---
name: pnas-abstract
description: Use to write the PNAS abstract — a single self-contained paragraph of ~250 words, quantified and accessible to a broad scientific audience. Distinguishes the abstract (what/how/found, for scientists) from the Significance Statement (why-it-matters, for everyone). Late-stage polish.
---

# Abstract (pnas-abstract)

## When to trigger

- Significance, track, structure, figures, stats, and data are settled (do this late).
- The abstract reads like a methods recap with no result.
- The abstract is being confused with, or duplicated from, the Significance Statement.
- The abstract is over ~250 words, structured with subheadings, or jargon-dense.

## The PNAS abstract: ~250 words, single paragraph, self-contained

- **Length:** up to **~250 words** (confirm the exact cap in current PNAS author guidelines).
- **One paragraph, no subheadings**, no reference citations, no figure/table callouts.
- **Self-contained:** a reader who sees only the abstract should understand the question, what was done, what was found (quantified), and what it means.
- **Accessible** to the broad PNAS readership across Biological/Physical/Social Sciences — define or avoid acronyms.

> Do **not** import a Science-style ≤125-word abstract or a one-sentence summary; PNAS abstracts are longer and there is no one-sentence summary.

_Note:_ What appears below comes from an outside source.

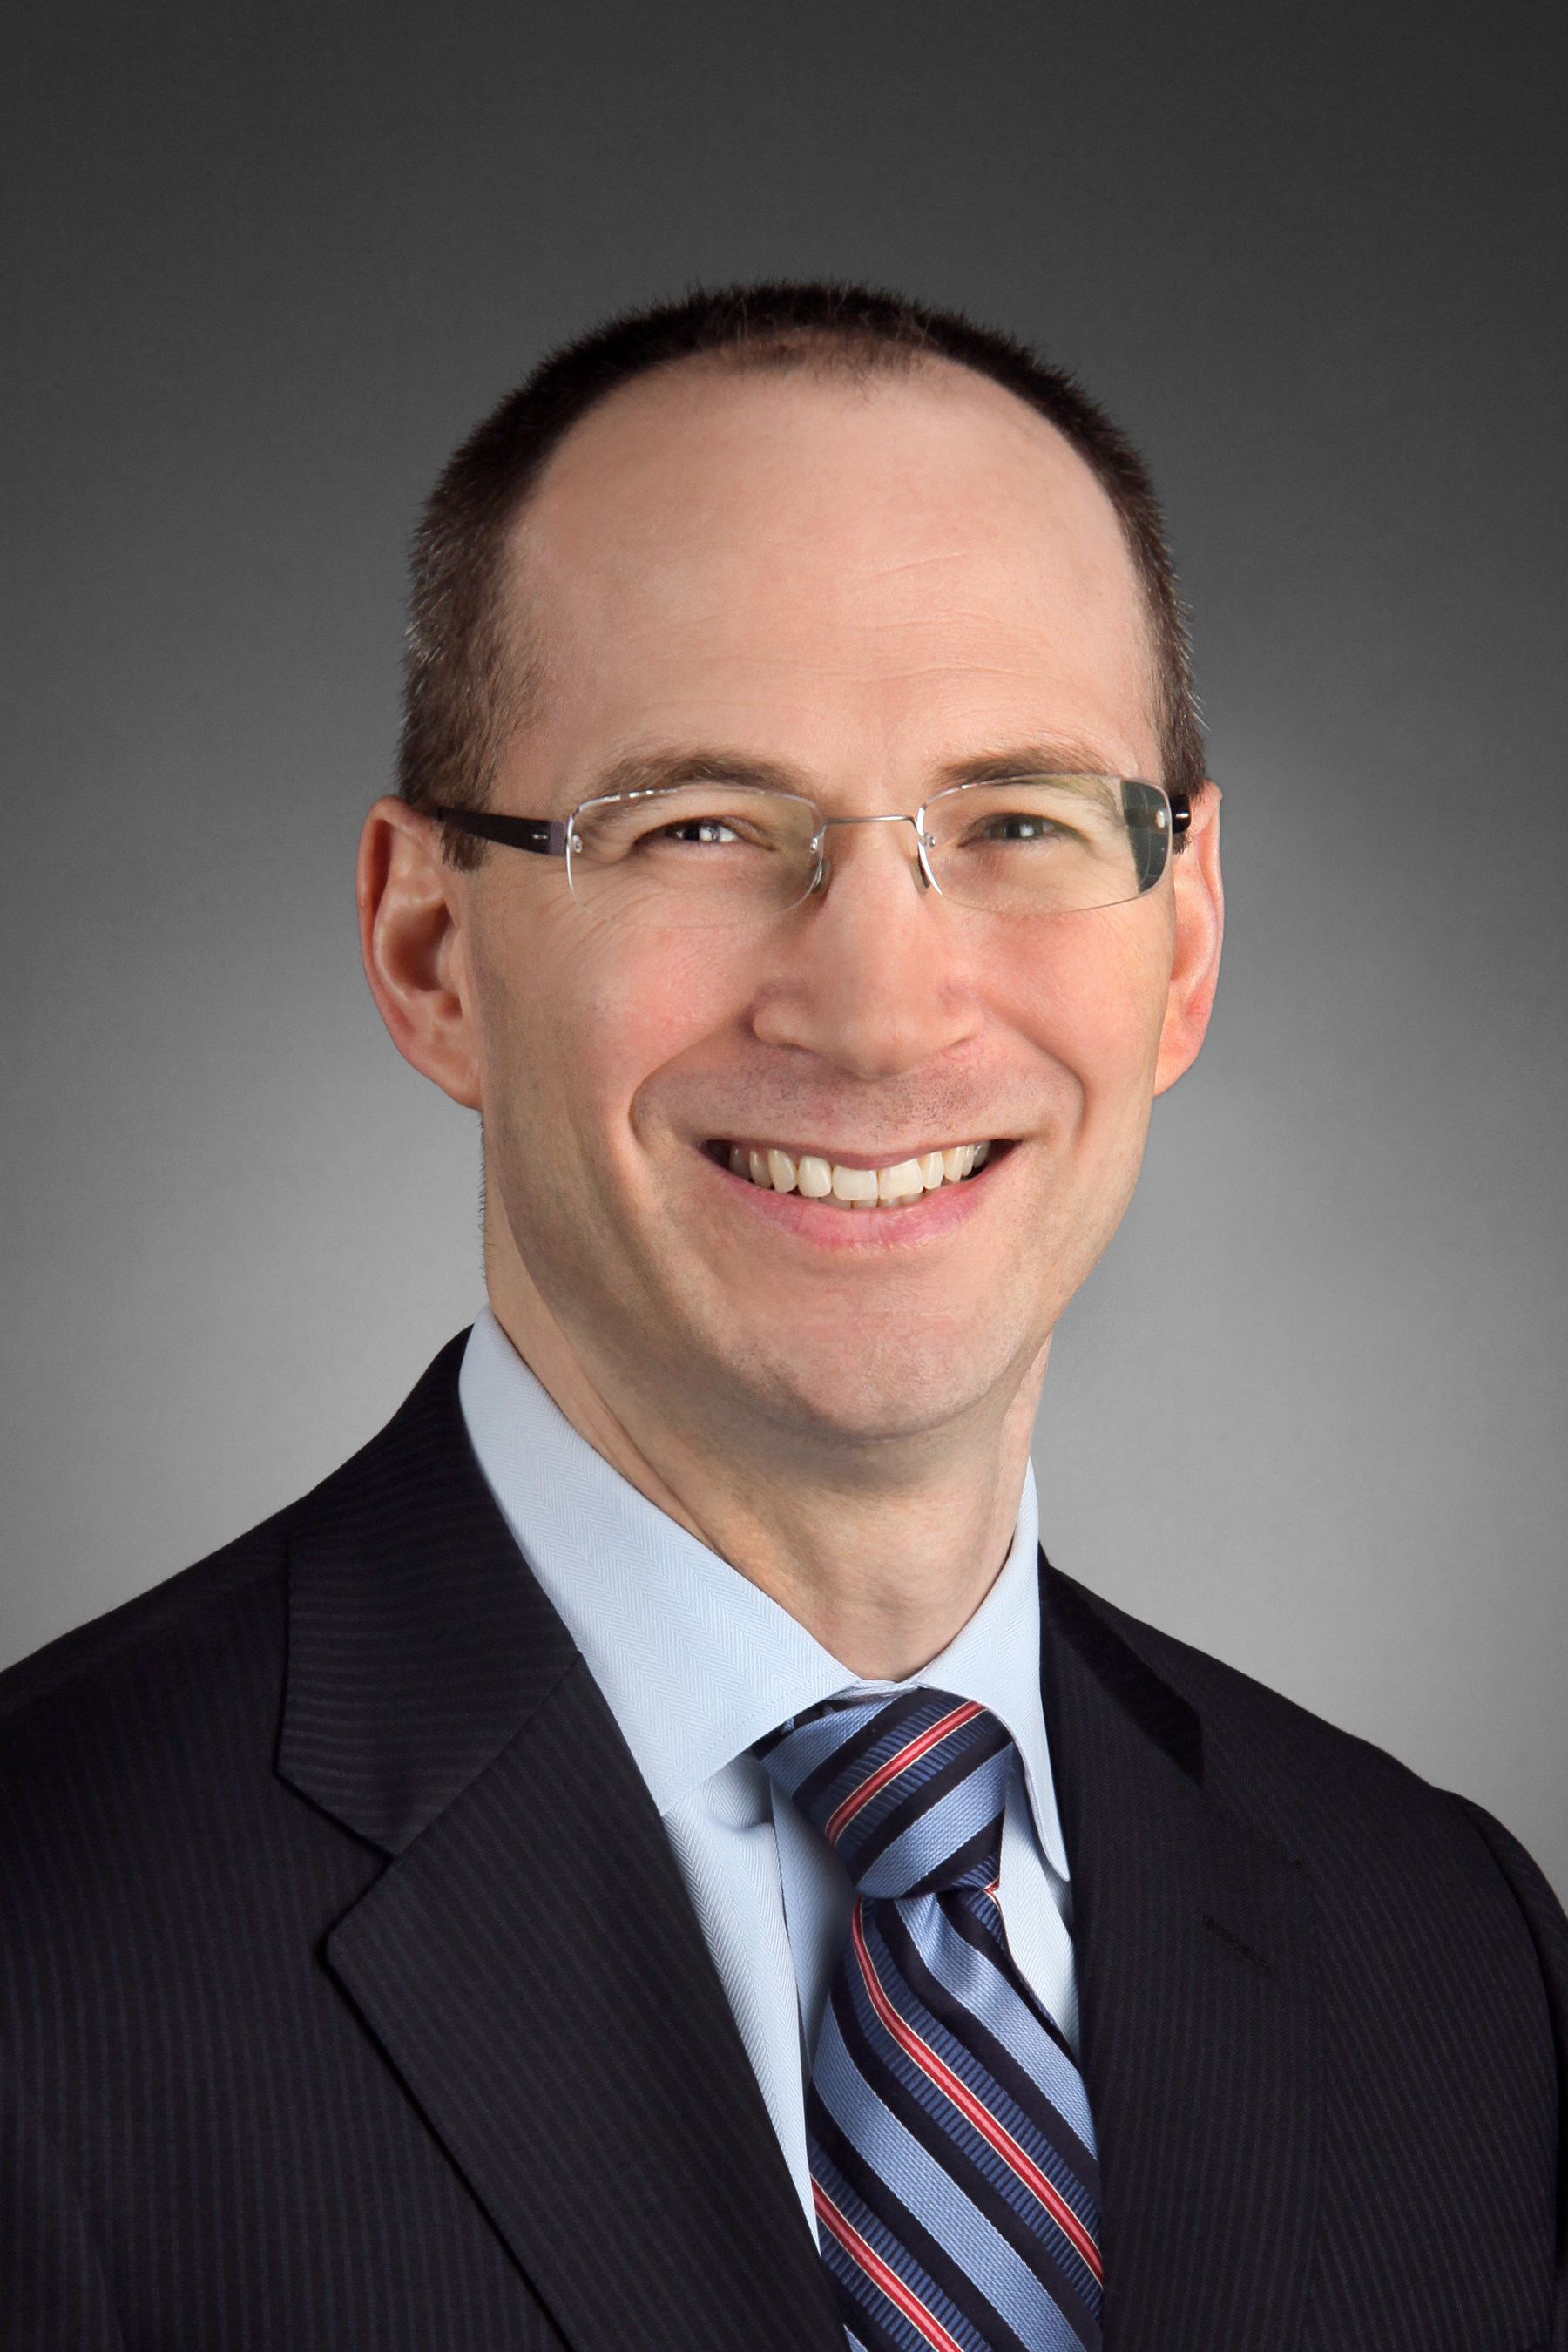 Paul T. Cottey joins health care firm Water Street as CIO.

The short, plain artifact PNAS requires is the **Significance Statement** (`pnas-significance`), which is separate.

## Abstract vs Significance Statement (keep them distinct)

| Abstract | Significance Statement (`pnas-significance`) |
|----------|----------------------------------------------|
| **What/how/found**, for scientists | **Why it matters**, for everyone |
| ~250 words, quantified, technical-but-clear | ≤120 words, plain language |
| Stands in for the paper | Stands in for the "so what" |

If the two read the same, the Significance Statement is wrong — fix it in `pnas-significance`.

## Recommended five-move structure (no labels in the text)

1. **Context / stakes** (1–2 sentences) — the broad problem.
2. **Gap / question** (1 sentence) — what was unknown.
3. **What we did** (1–2 sentences) — approach, in plain terms.
4. **Key results, quantified** (2–3 sentences) — the advance, with numbers and uncertainty.
5. **Conclusion / implication** (1 sentence) — what it means for the field.

## Hard constraints

- [ ] ≤ ~250 words (treat 250 as the ceiling; confirm current cap).
- [ ] Single paragraph, no subheadings, no citations, no figure/table references.
- [ ] Define any acronym on first use, or avoid it.
- [ ] At least one **quantified** result — magnitude + unit + uncertainty (CI/P), not "significantly increased".
- [ ] First sentence comprehensible to a scientist outside the field.
- [ ] Distinct in content and register from the Significance Statement.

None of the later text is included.